Перед Эрмитажем очереди не было, да и у касс мы стояли всего минут пять.
Я сдал наши пальто и сапоги Натальи Алексеевны. Наталья Алексеевна у большого зеркала поправляла прическу. Я встал с нею рядом. Соседство, несомненно, было проигрышным для меня.
Видно, что-то дрогнуло в моем лице — размягчилось ли оно, глаза ли стали испуганными, — а только Наталья Алексеевна тихо спросила:
— Что случилось?
— Все в порядке, — ответил я.
И осторожно, нежнейше дотронулся до ее локтя.
Я люблю поговорить у картин, с удовольствием вожу гостей по музеям — ведь хоть на пару часов становишься пророком, так как же не обожать себя в это время.
Но тут сидел во мне тормоз. Мы останавливались у той картины, которую я хотел показать, молча рассматривали ее и шли дальше.
Рембрандт, поворот налево — испанцы — Эль Греко, Моралес, потом голландцы, «Портрет камеристки», две-три картины Ван Дейка, потом долгим ходом, почти не задерживаясь, к французам третьего этажа.
Я вдруг вспомнил, как обалдел, когда впервые обнаружил, что в Эрмитаже есть третий этаж. После девушек Греза, в которых я несомненно был влюблен, так что они снились мне по ночам, я уткнулся в висевший тогда над лестницей «Танец» Матисса, и мне было странно, как это такой замечательный музей вывесил детские упражнения — а что, и я, да и всякий так может, у меня и сомнений не было.
Я пошел в залы третьего этажа и наткнулся на курсанта, который объяснял двум теткам «Трех женщин» Пикассо, а тетки чуть не плевались, хотя курсант и доказывал, что женщины на картине невероятно красивы.
Странные были времена: плевали в Пикассо, дрались на выставке итальянских абстракций — отсквозившее время, давние нравы, свежий, незамыленный взгляд дикаря.

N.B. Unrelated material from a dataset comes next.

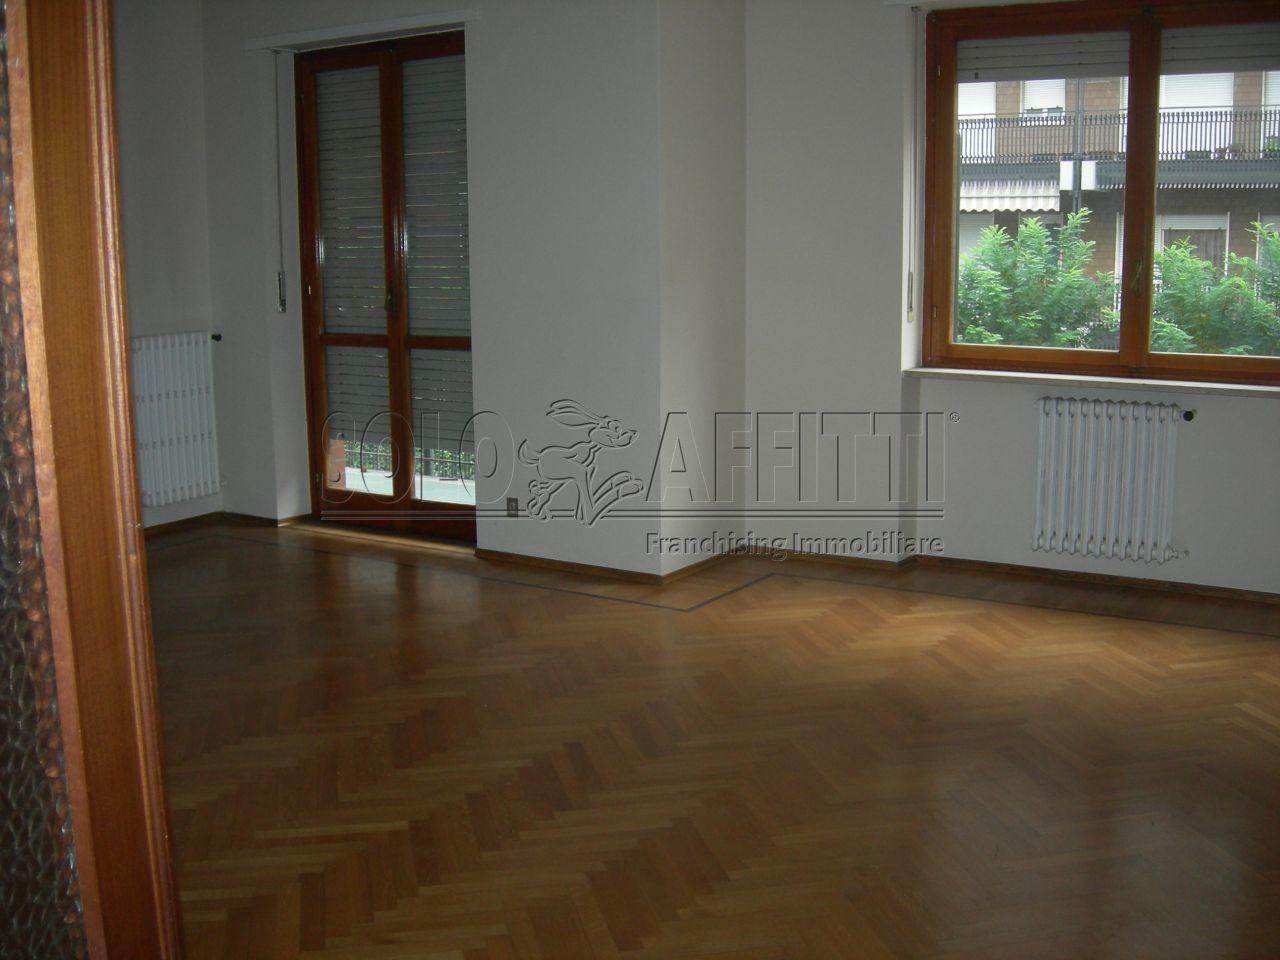 Ufficio / Studio in affitto a Torino, 5 locali, prezzo € 800 | Cambio Casa.it
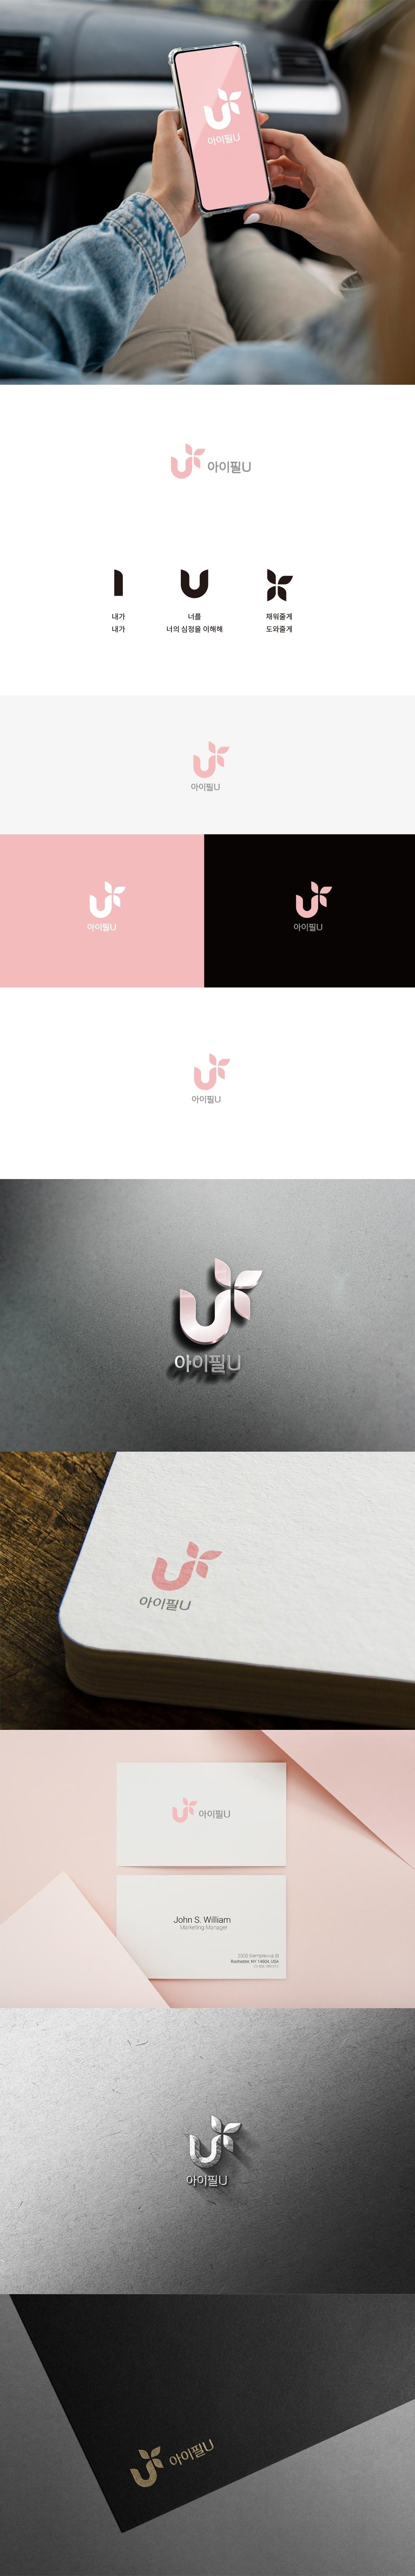 로고 디자인 | 강남역 피부과 CI(로고) 공모 | 라우드소싱 포트폴리오

Даже и неясно мне, почему я решил тогда, что мне все это нужно понять. А только споря с таким вот курсантом, я постоянно приговаривал — хочу понять. Да, я хочу понять.
Но и повезло. То ли нищий мой вид, то ли голодное тощее лицо, то ли горящие глаза дикаря, но что-то привлекло ко мне внимание худой пожилой женщины. Несколько воскресений она сидела за столиком в зале Сезанна и что-то писала.
И что-то я однажды спросил, ну вроде того, а почему вон там небо красное, и эта женщина принялась объяснять мне так понятно и с такой, я бы сказал, любовью, что почудилось мне, что и сам я в этих картинках кое-что кумекаю.
Я ходил в залы каждое воскресенье и кончилось тем, что женщина эта — она оказалась старшим научным сотрудником и звали ее Варварой Васильевной — стала каждое воскресенье приходить сюда, чтоб поводить меня по залам.
Я угадывал какую-то потерю в ее жизни — возможно, сын погиб в блокаду — другого объяснения, почему она возилась со мной, я не знаю. Но каждое воскресенье несколько месяцев я ходил сюда, и Варвара Васильевна меня натаскивала.
Когда я разговариваю с Андреем, я иногда вспоминаю Варвару Васильевну. Кто я ей был? Никто — мальчик, желающий что-то понять, и этого одного достаточно было, чтоб она тратила на меня воскресные дни. С Андреем положение более определенное. Кто я ему? Учитель. Что он мне? Оправдание жизни.
Потом началась сессия, потом я, чтоб все-таки выжить, начал подрабатывать, и тут уж было не до воскресных походов в Эрмитаж, и больше Варвару Васильевну я не видел. Почему она приняла во мне участие? Загадка, мне ее уже не разгадать, да по правде говоря, я и не хочу ее разгадывать.
Но с той поры во мне держится любовь к французам девятнадцатого века. Причем вот к этим, эрмитажным работам. Московские нравятся менее. Выставка разрослась, многое достали из запасников, но любовь осталась именно к тем, давним картинам, что висели при Варваре Васильевне.
Я не смог удержаться и объяснил Наталье Алексеевне, почему мне здесь нравится — картины, конечно, хороши, имеет место и возврат в юность, но тут еще и дань возрасту — мы всего более любим смотреть привычное, устоявшееся в нас.
Однако, черт побери, это привычное было хорошо. В тусклый денек, при тусклом же освещении картины все равно сияли. Думаю, они сияли бы и в темноте. Впрочем, об этом лучше спросить у служителей запасников, где многие из этих картин десятилетиями ожидали прилива массового интереса к себе.
В Эрмитаже мы были недолго — часа полтора. Как-то само собой имелось в виду, что мы здесь вместе не в последний раз. Итальянцев и англичан посмотрим отдельно. Да, не в последний раз.